25.   Do you need to bring additional tents or structures to accommodate your vision?

26.   Are there any features of the venue that might be hazardous?

27.   Are pets allowed by the facility?

28.   Do you want to allow pets?

29.   If so, what are your rules regarding their supervision? (Tags, shots, leashes, poop, behavior)

30.   Are children attending?

31.   Are they allowed to attend with someone who isn’t their parent/guardian?

32.   Do you need wristbands, tickets with stubs, or badges for attendees and staff (some way to identify people)?

33.   Does the facility provide those identifiers, or do you need to arrange printing?

The answers to these questions aren’t as obvious as they might appear at first glance. You can’t assume that anything is included. My husband and I have been responsible for every aspect of the above questions for the Babalon Rising Pan-Thelemic Festival at both of the venues where it has been held. Midian (the festival and event venue where we are on the Board)  has a certain level of staff that CAN be available, but they can also “bugger off” if a festival doesn’t need them. Chrysalis Moon, for example, came to Midian with all their own staff — from gate to maintenance to security to first aid and beyond. We had our own people in the kitchen (because that’s how we run it), some of our fire-tenders stepped in to cover Midian’s basic requirements for fire safety, and we had a couple of Midian directors onsite to be a resource for the festival organizers. Other facilities may handle things differently, and (frustratingly) very little is “standard” in this industry.

Content-Focused Questions

Okay, these questions also dig into some logistical considerations, but they are all related to the “meat and potatoes” of your event (and who’s doing the cooking — and where — and how).

34.    How many and what sort of performances and workshops do you want?

35.   Are you working around a theme or concept?

36.   Is there a flow or feel you want?

37.   Who is communicating that line-up, flow, and culture/atmosphere to the presenters and performers?

38.   Who is communicating those things to the attendees?

39.   Are you providing a printed copy of the schedule?

40.   Are you providing a mobile version of the schedule?

41.   What about maps of the facility highlighting various event locations?

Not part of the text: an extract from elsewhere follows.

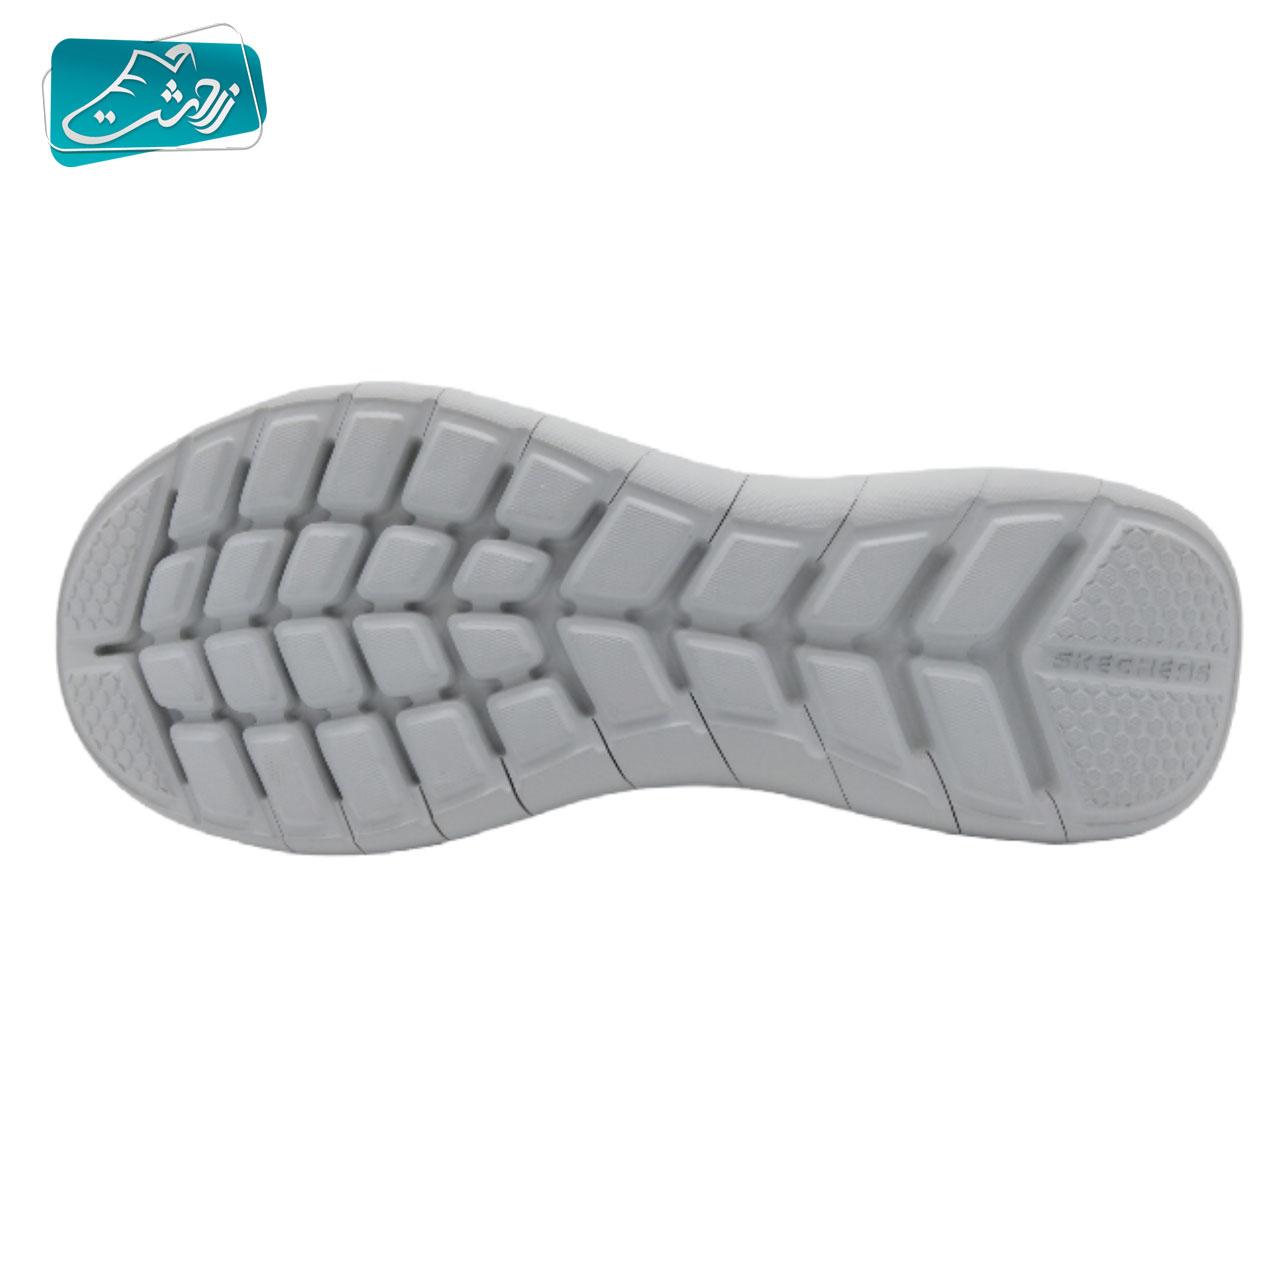 http://zarshoes.ir/uploadfile/file_portal/site_5571_web/file_portal_end/shop/انبار-قدس/product/کفش-ورزشی-11/bounder_blk/1.jpg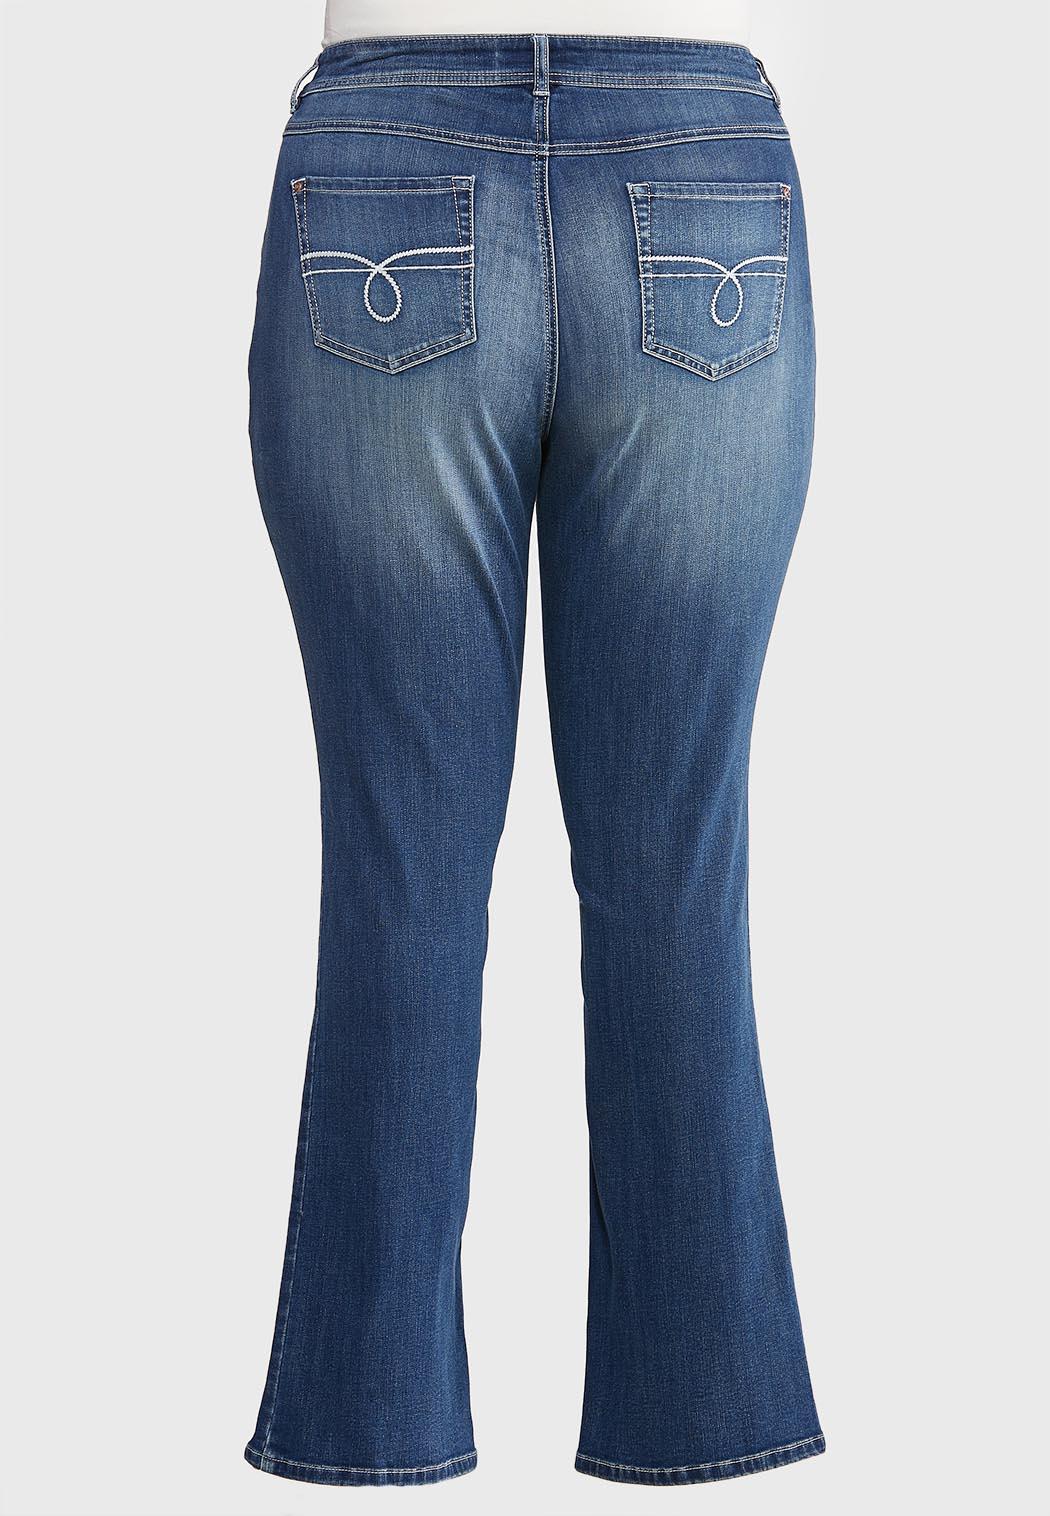 Plus Petite Dark Wash Bootcut Jeans (Item #43929417)

42.   Do any of the presenters or performers require payment?

43.   Do they need you to provide lodging, food, and travel?

44.   Do they have special needs based on their health?

45.   What set-up time, assistance, and equipment do they all need?

46.   Will they have a point of contact once they’re at the event?

47.   Do you have someone who can fill in if someone doesn’t show? (Someone ALWAYS bails at the last minute. Life happens.)

48.   If children are attending, do you have activities for them?

49.   Are you providing supervision for the kids, or are their parents solely responsible for their entertainment and safety?

50.   How do you intend to handle children and adults who break the rules of the facility or event?

Getting Feedback

Most start-up events don’t have great methods of receiving feedback from all the stake-holders, but feedback is critical if you intend to hold your event on a recurring basis. It’s better to consider it from the beginning, working it into the fabric of the event, rather than tacking it on as an afterthought days or weeks after everyone has gone home. 

51.   What can the performers and presenters help you improve?

52.   What did the attendees love and hate in terms of facilities, content, etc?

53.   What did your staff notice working well or working poorly?

54.   What blind-sided you?

55.   What criteria are you using to determine that you were successful?

Most small, first time events consider themselves a rousing success if they just stay in the black in the ledger (and nobody got hurt) — and that is valid. Some folks care more about a particular aspect of the experience. Figure out a way to measure what matters to you.

And more …

Honestly, this list could include dozens of more questions (related to event insurance, security and safety considerations, emotional and psychological well-being of attendees and staff, mitigating drama and gossip within your event community, and on and on.) We’re going to dive deep into ALL the different aspects of event planning as the series progresses.